Security Guide for the AI Coding Era
Developers who use AI coding assistants write code faster — and ship more security vulnerabilities while feeling more confident their code is safe. This is the AI security paradox, and it is the starting point for everything in this guide.
AI tools like Claude Code can now explore your full codebase — reading files, grepping for symbols, and tracing dependencies across modules. But capability isn't the same as guarantee. They may not proactively audit every security implication unless prompted, their suggestions still reflect patterns common in training data (which skew permissive), and they can occasionally hallucinate package names that attackers have pre-registered with malicious payloads. The gap isn't visibility anymore — it's judgment about what to verify and when. Understanding where that judgment falls short is what lets you catch issues before they ship.

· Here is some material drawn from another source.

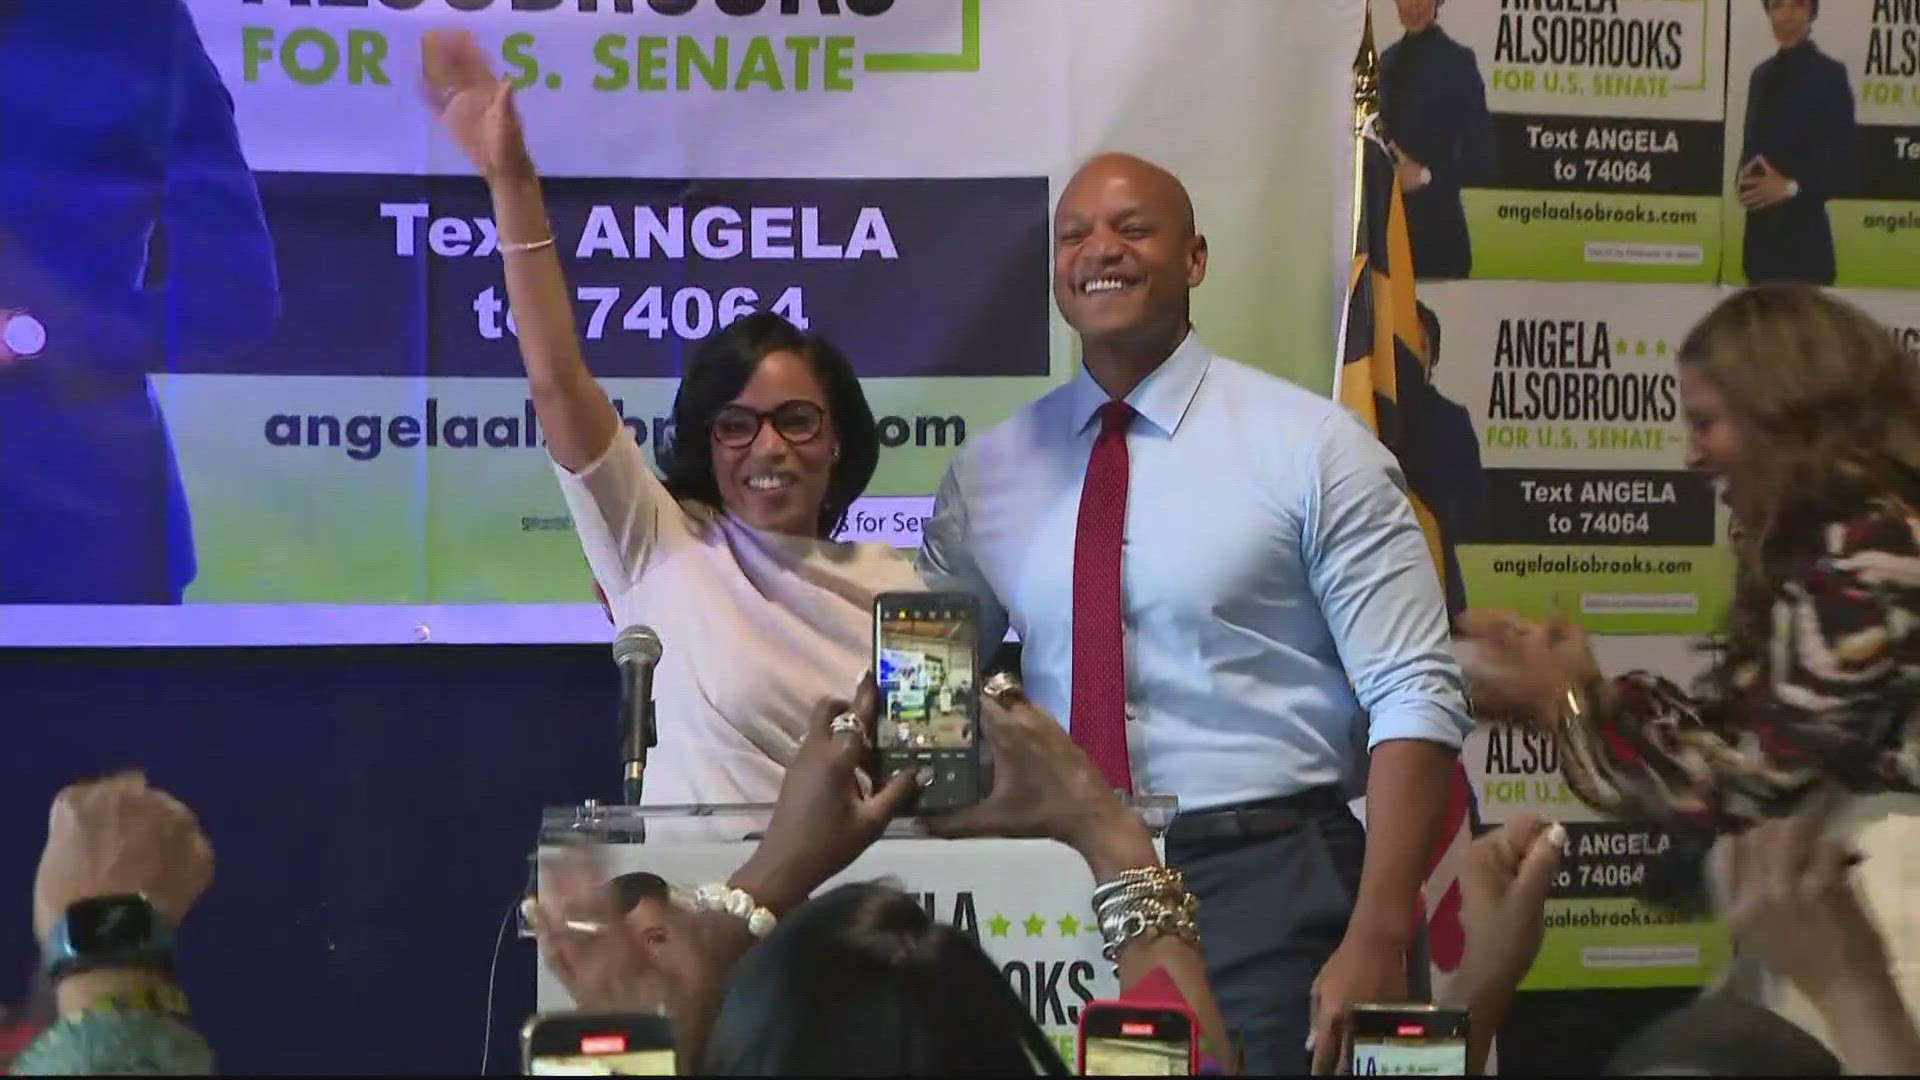 Angela Alsobrooks adding to her long list of endorsements. And this is a big one. Maryland Governor Wes Moore.

This guide covers three distinct threat surfaces:
- AI coding agents (Copilot, Cursor, Claude Code) — the security vulnerabilities these tools consistently introduce into your codebase
- AI features (chatbots, document Q&A, RAG pipelines) — attacks that are unique to applications running LLMs at runtime
- AI agents (tools connected to an LLM that take autonomous actions) — the risks that arise when AI can read files, send emails, or modify infrastructure
General web security (SQL injection, XSS, CORS, authentication) is covered in a companion OWASP guide. This guide focuses on what is new and different in the AI era.
How to Read This Guide#
- Complete beginners: Read all chapters in order. Chapter 1 builds the mental model that the rest of the guide depends on.
- Developers who already use AI coding tools: Skim Chapter 1 for key term definitions, then go directly to Chapters 2–4.
- Building an AI-powered app: Chapters 3 and 4 are your priority, with Chapter 5 as your practical takeaway.
🎬 Video Course#
We also have a YouTube channel! There is a dedicated playlist covering AI security topics — if you prefer learning by watching, you can quickly get up to speed on the key concepts from this guide through these videos:
▶️AI Security — YouTube Playlist
Watch the video series to quickly learn the essential AI security concepts covered in this guide.
Learning Path#
Three Threat Surfaces at a Glance#
The cards below introduce one representative vulnerability from each of the guide's three domains. Each chapter goes deeper with more examples, root-cause analysis, and mitigations.
Hardcoded Credentials
HighAI coding agents embed live secrets directly into source code when asked to connect to external services.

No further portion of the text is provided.